Jane Spencer: I guess it seemed a little simpler back in 1912. It was bathrooms and books. And with the way the world has changed and continues to change so quickly, that’s not quite the same formula that we can use today…although we did build a beautiful ADA bathroom.
People still need bathrooms. And even in the age of the internet, we still need libraries. But what is their role today? And in a state with so many beautiful libraries, why is it such a challenge to keep them going?
This is Before Your Time, presented by the Vermont Historical Society and the Vermont Humanities Council. I’m your host, Lovejoy. Every episode we go inside the stacks at the Vermont Historical Society to look at an object from their permanent collection that tells us something unique about our state. Then we take a closer look at the people, the events, or the ideas that surround each artifact.
Today Mary Rogstad and Paul Carnahan from the Historical Society are showing us a small, white, two-handled vase.
Mary Labate Rogstad: We are opening up a piece of souvenir ware that is from Brattleboro…
Mary Labate Rogstad: This one has an image of the Brooks Library in Brattleboro on it. Starting about 1890, businesses had the idea to put a photograph or an image on an object, and to sell it as a souvenir to the people that were coming in to the state. Something that they could bring home with them.
Paul Carnahan: It seems to me this is a particularly nice one, in that it’s got a colored image of the Brooks Library. It’s got nice gold leaf handles, it’s very bright and attractive. I can see how someone would be interested in purchasing this to take home.
Paul Carnahan: You know, these buildings were significant structures in the towns and people had a lot of pride in those buildings.
Paul grew up in Brattleboro.
Paul Carnahan: This is a library that I remember from my childhood, very early in my childhood. It’s a Victorian brick decorative brick building that stood right on Main Street. It was a very impressive building.
Paul Carnahan: The building was replaced in the 1960s. 1967 is when the modern building opened. This building was torn down to make room for a parking lot, unfortunately. In the 1960s, there wasn’t a strong preservation ethic in Vermont. Other Vermont communities lost historic structures.
Paul’s father saved a pile of bricks from the old building, but became a frequent visitor to the airy, modern library that took its place. The library retains an important role in the town, even if images of the new building don’t end up on plates and vases.
Paul Carnahan: Now, it’s much more common to be tourist destination or a natural phenomenon; you know, Yosemite or Disneyland or something like that.

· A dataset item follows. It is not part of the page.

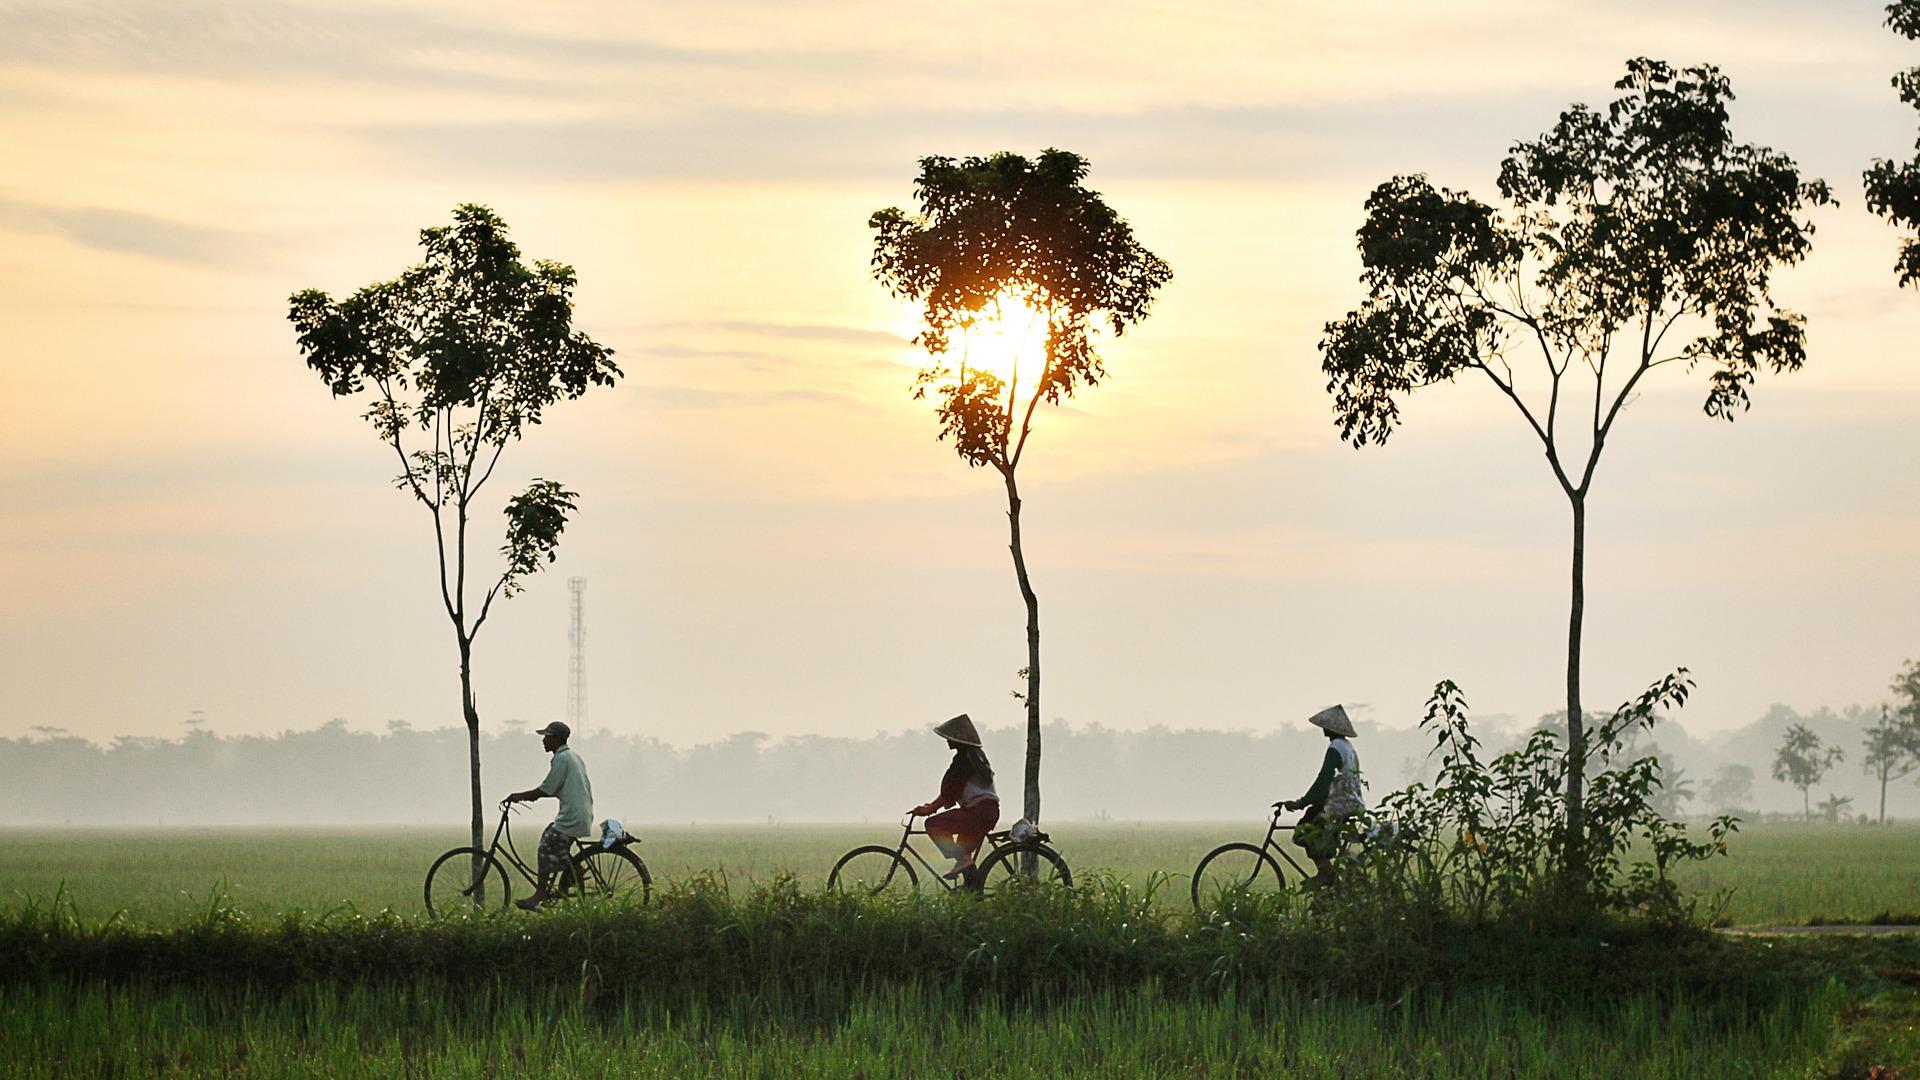 Bicycle Riding 947336 1920

Having a souvenir of a library is rather unusual.
Vermont’s first community library was in Brookfield. It was founded in 1791, the year Vermont became a state. But it wasn’t until around 1850 that public libraries as we know them began to exist in their current form in Vermont.
By then, Vermont was becoming a different place.
William Hosley: The world changed so dramatically around the Civil War and industrialization. By the 1870s, the country was more affluent than it had ever been, industrialization was bringing newfound wealth, and there was this sort of displacement where a lot of the rural towns and the farming towns, they had this outmigration.
By the turn of the 20th century, this emptying-out had become such a problem that towns in Vermont started holding “Old Home Week” celebrations. The idea was to convince former residents to move back to the state. Or to at least get them to invest in their hometowns.
William Hosley: The richest people that cared about Vermont in 1890 and 1900 were often people who had made it big outside of Vermont, but still they had cousins, they had families. They had, I suppose you could call it, nostalgia, but a real sense of affection for their home places.
Building a library became a popular way to honor your hometown, and to share your wealth with those you left behind. At least three dozen expatriates constructed libraries in Vermont between the 1880s and 1950s.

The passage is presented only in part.